# I get sooo bored polishing ...



## JimBobJones (Aug 6, 2018)

Generally I love looking after the car, happy to take any numbers of rinses, pre washes, mitts, buckets, sealants, treatments, always trying new products, that side is great. 
But after doing 1 panel polishing, I get so bored, and find then that I'm moving too fast, get less and less interested in the results, and have to pack it in again after a 2 or 3 panels before I make a mess. I start off with 5-6 passes at a nice slow steady pace, and by panel 3 I'm flying around with 4 passes and packing it in due to lack of interest.

I like headphones on washing the car and doing other bits, but find it's not a great combination when working with the polisher, prefer to hear it (but with light ear defenders).

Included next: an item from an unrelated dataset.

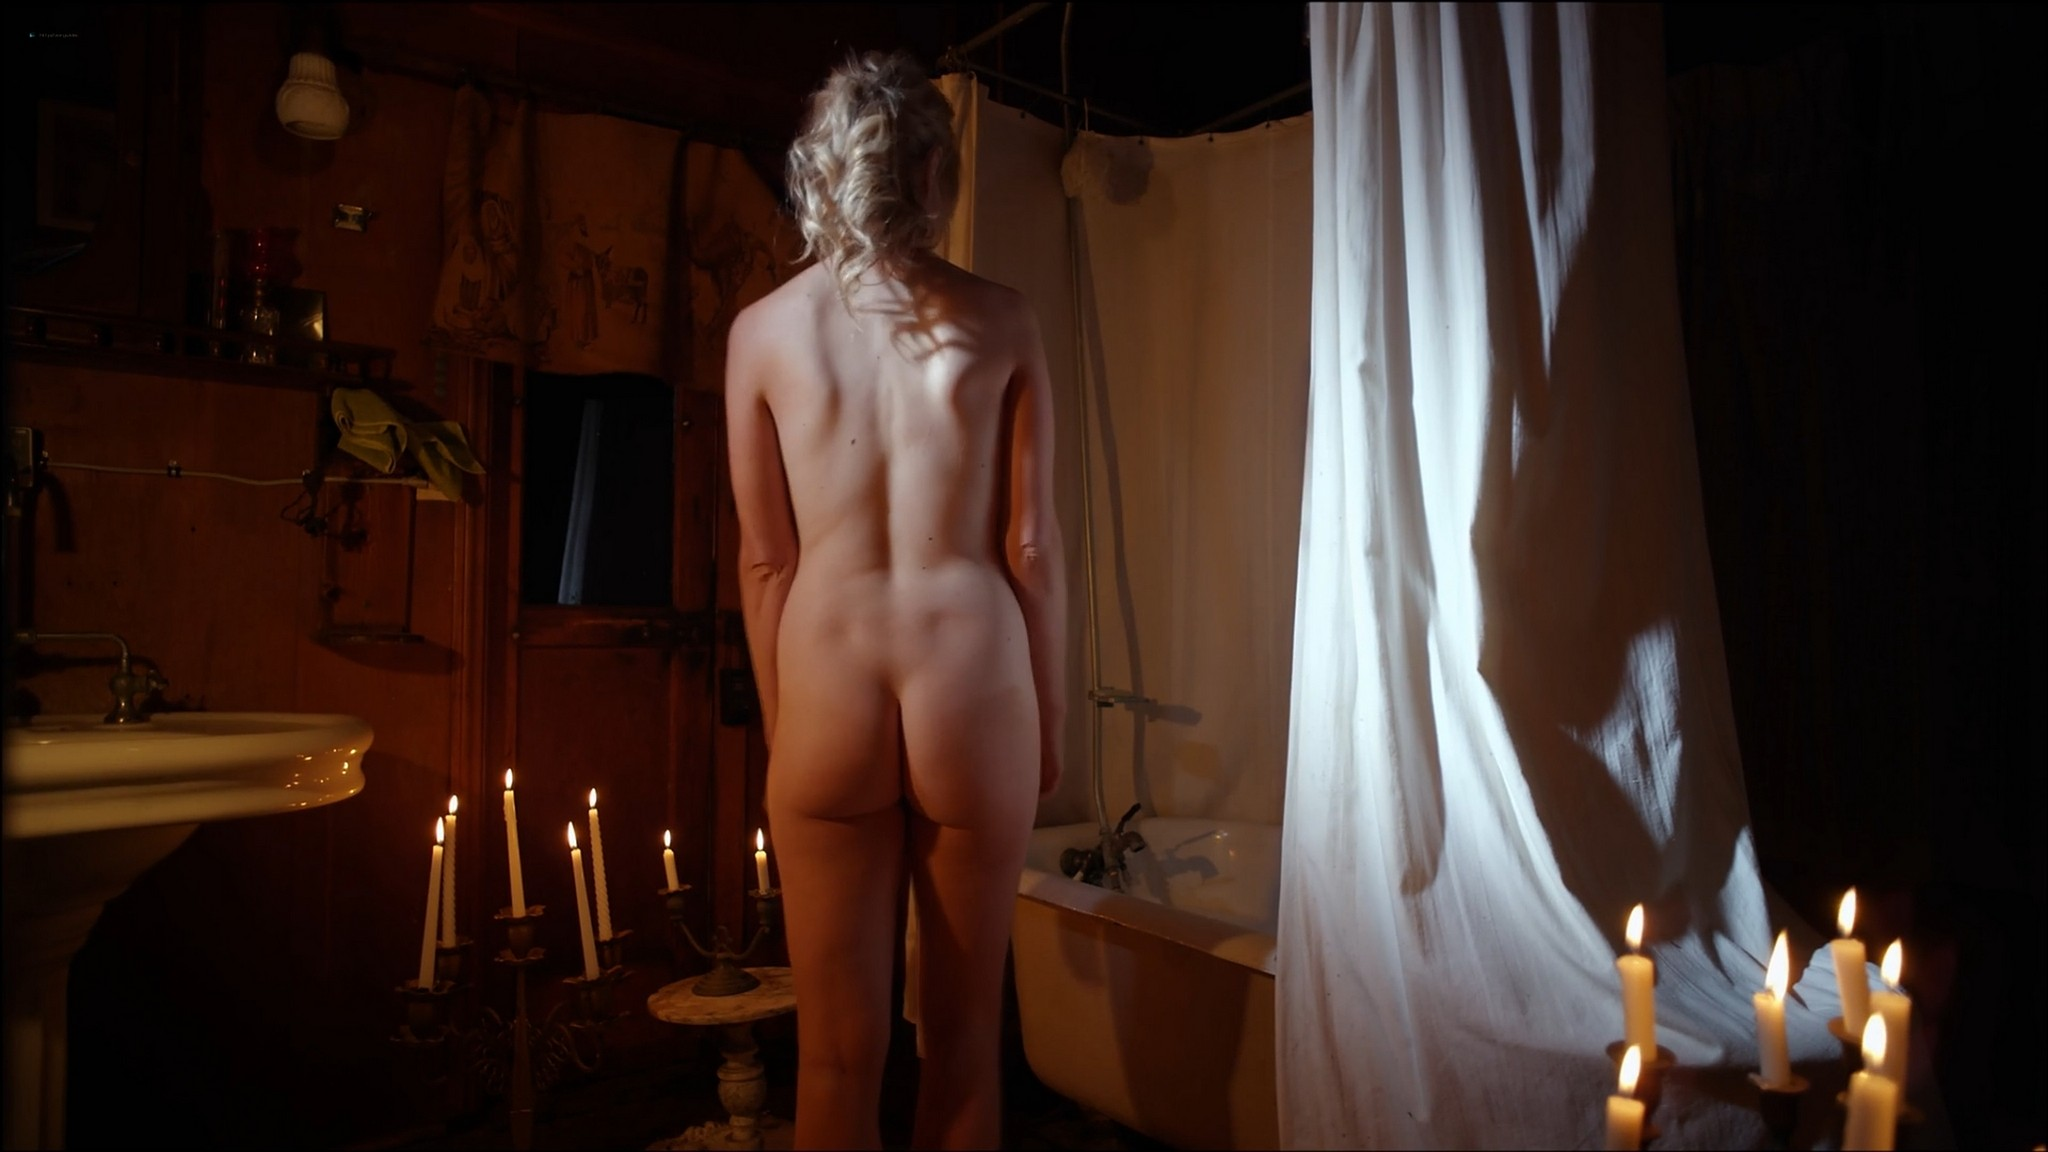 Mindy Robinson see through Christina Collard nude Dracula The Impaler 2013 1080p BluRay 4

Any tips or advice to help keep some concentration or take the boredom out of it?

Cheers,
JBJ


----------



## cangri (Feb 25, 2011)

Well if you do not like it then is just a state of mind.

Music helps a lot into setting up the mood.


----------



## MBRuss (Apr 29, 2011)

I'm the exact opposite to you then. I like to get the cleaning out if the way and get all the equipment out, put my headphones in and get polishing. I enjoy polishing the most!

I do particularly like to listen to relaxing/chilled music when polishing. I find the whole experience quite soothing then, and slower music probably helps you keep a slower pace.

I don't find that I need to hear the polisher because I have a DA, so any issues with pressure and I'll see it stop spinning.

Sent from my LYA-L09 using Tapatalk


----------



## Andy from Sandy (May 6, 2011)

Just do one panel to the standard that you want, get some protection on it and pack up.

Nothing has to be completed in the same session. It shouldn't be a chore.


----------



## Bikeracer (Jan 16, 2015)

Not really surprised you get bored, from my working out which could be wrong, to polish a two foot square at the recommended one inch per second takes approx five minutes to do the recommended across then up, I believe a two foot square done like that counts as one pass.

So to do six passes of a two foot square is approx a half hour job even if only doing a single step correction. 
For me to do the roof of my SUV is a daunting task with a DA with the inevitable stalling, so I bought a forced rotation Makita polisher which is both a free spinning DA and a fixed rotation polisher.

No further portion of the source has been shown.